No pictures belong in the copy, but every line of the material below must be reproduced exactly.

## [MATERIAL PROVIDED]
================================

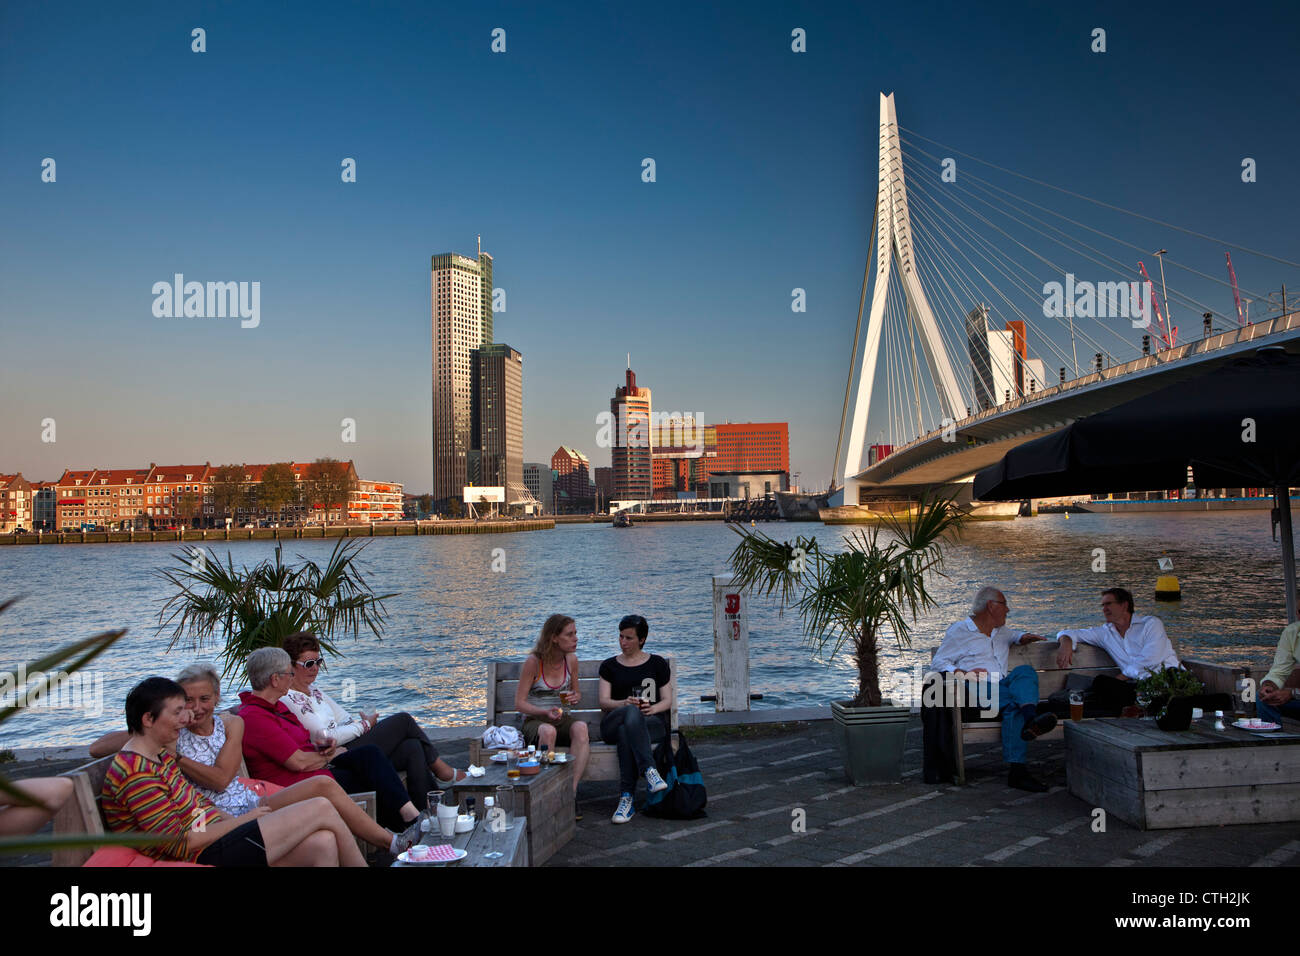 Die Niederlande, Rotterdam. Menschen entspannen im Café im Freien, in der Nähe von Brücke namens Erasmusbrücke, Architekten Ben van Berkel. Stockfoto
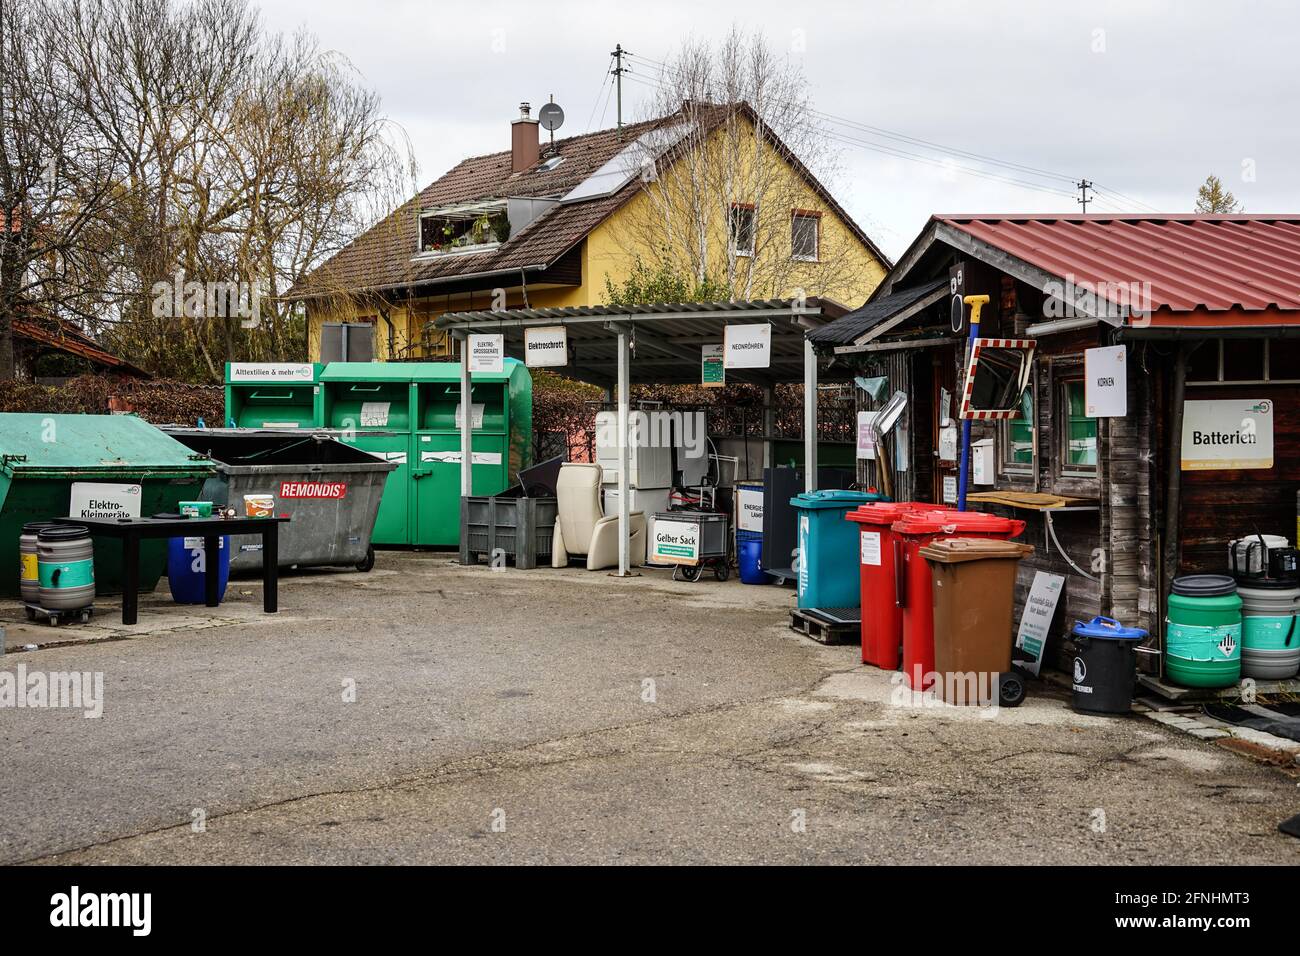 Ein Recyclingzentrum in einer Kleinstadt mit zahlreichen Behältern unterschiedlicher Größen für verschiedene Wertstoffe. Stockfoto
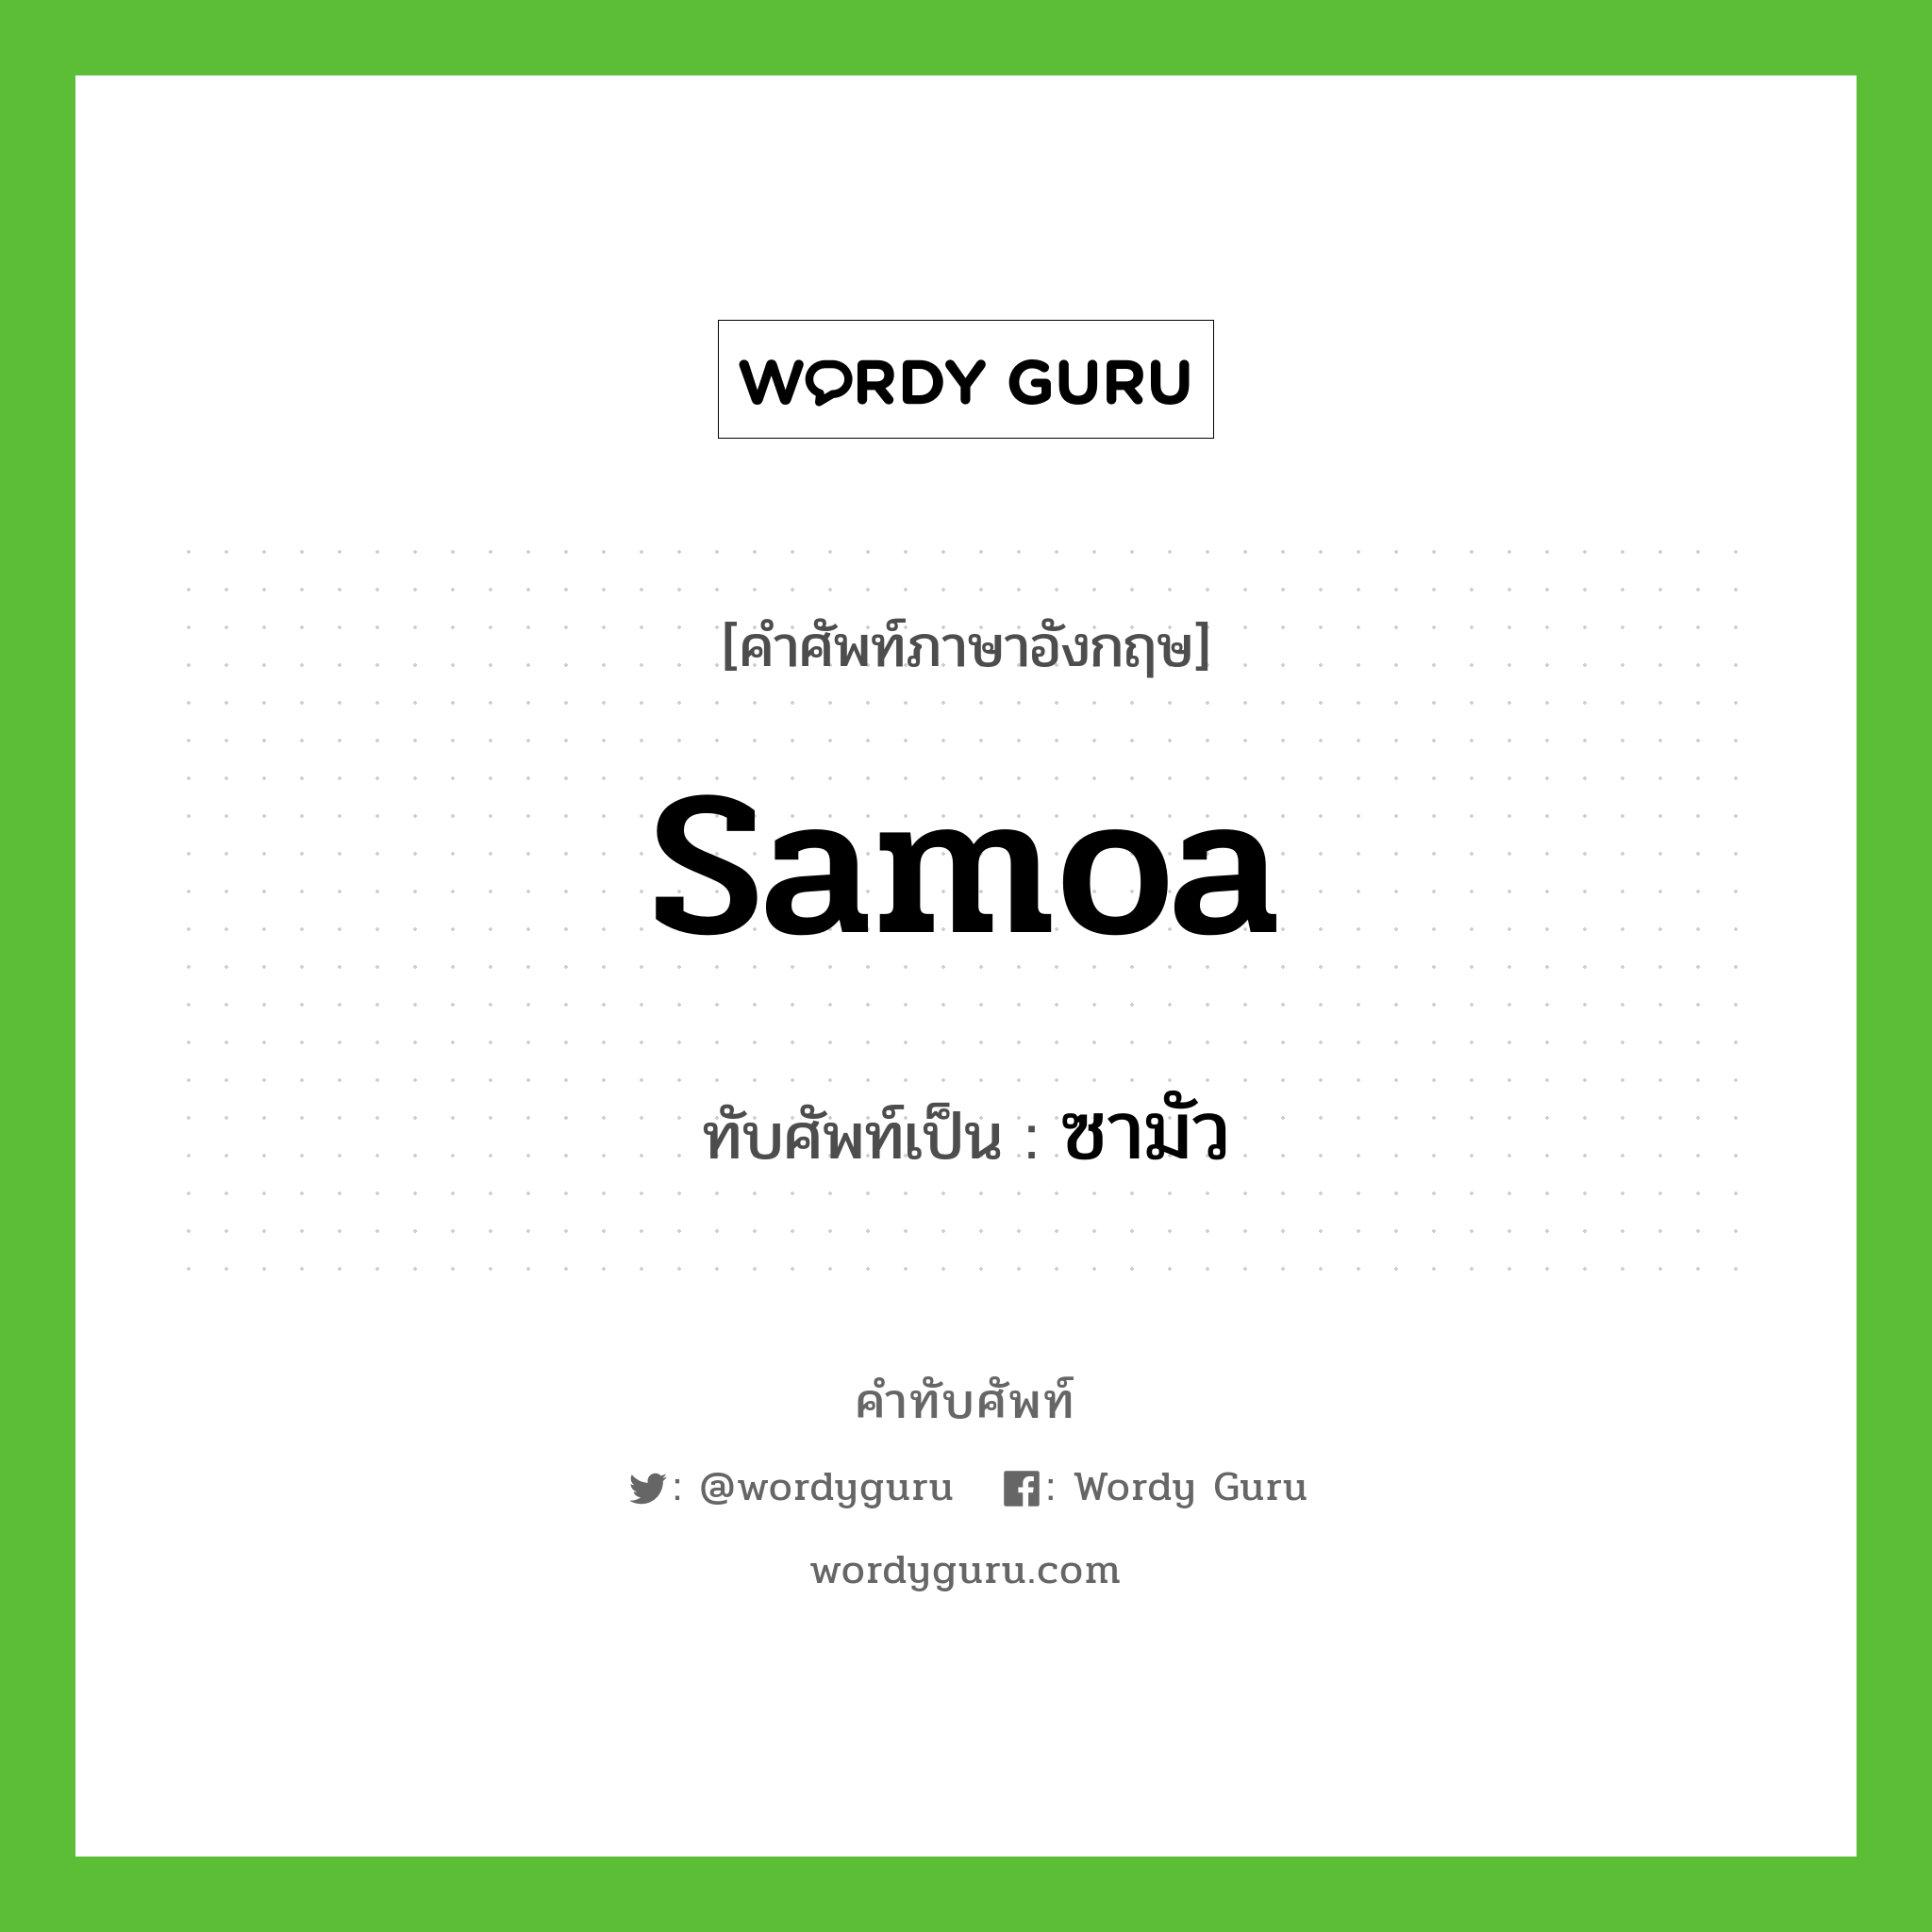 ซามัว เขียนอย่างไร?, คำศัพท์ภาษาอังกฤษ ซามัว ทับศัพท์เป็น Samoa
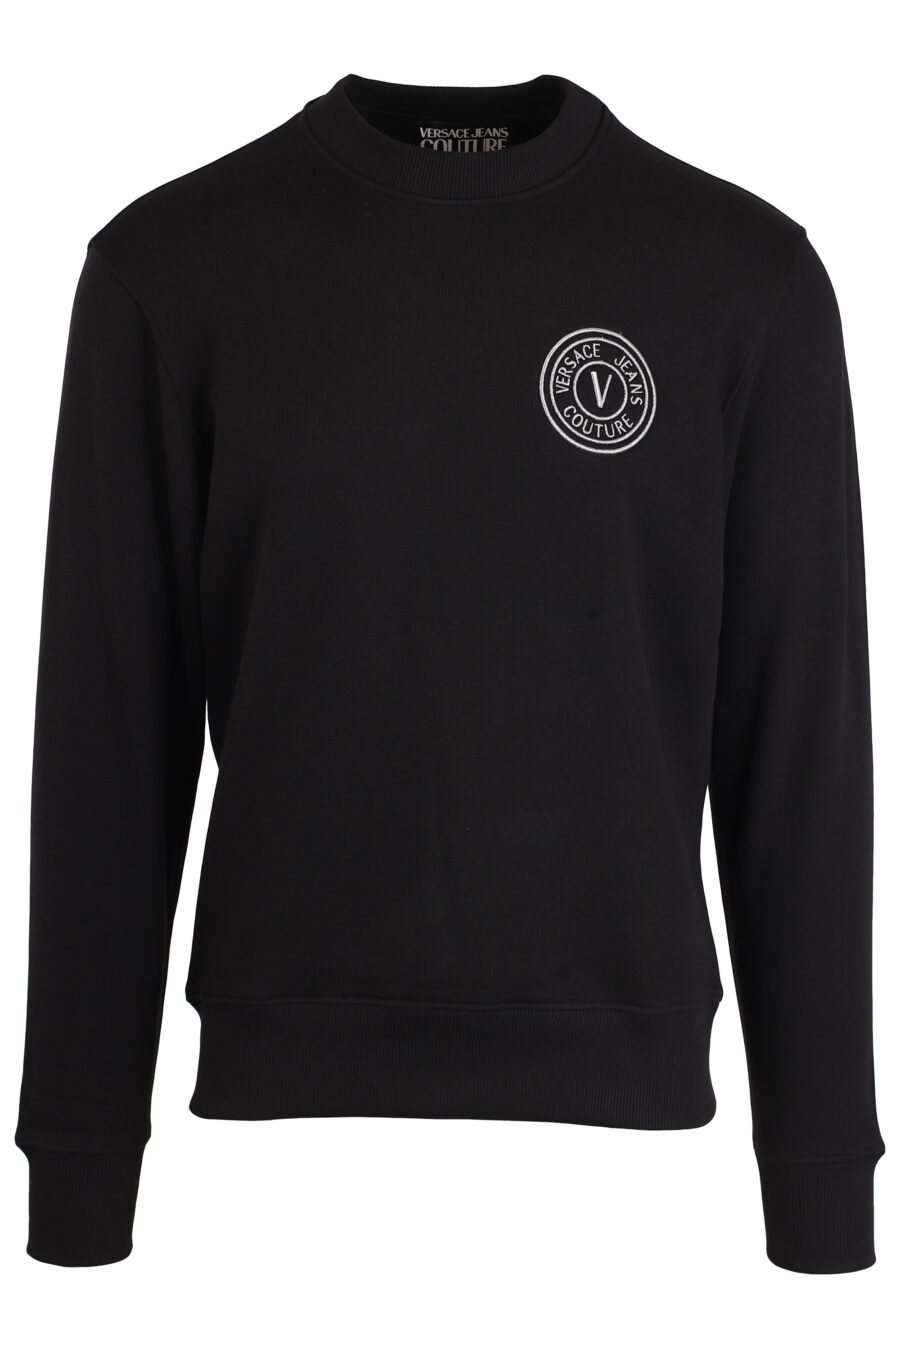 Schwarzes Sweatshirt mit kleinem runden silbernen Logo - IMG 3982

================================

## [TASK SOLUTION]
 Die Niederlande, Rotterdam. Menschen entspannen im Café im Freien, in der Nähe von Brücke namens Erasmusbrücke, Architekten Ben van Berkel. Stockfoto
 Ein Recyclingzentrum in einer Kleinstadt mit zahlreichen Behältern unterschiedlicher Größen für verschiedene Wertstoffe. Stockfoto
 ซามัว เขียนอย่างไร?, คำศัพท์ภาษาอังกฤษ ซามัว ทับศัพท์เป็น Samoa
 Schwarzes Sweatshirt mit kleinem runden silbernen Logo - IMG 3982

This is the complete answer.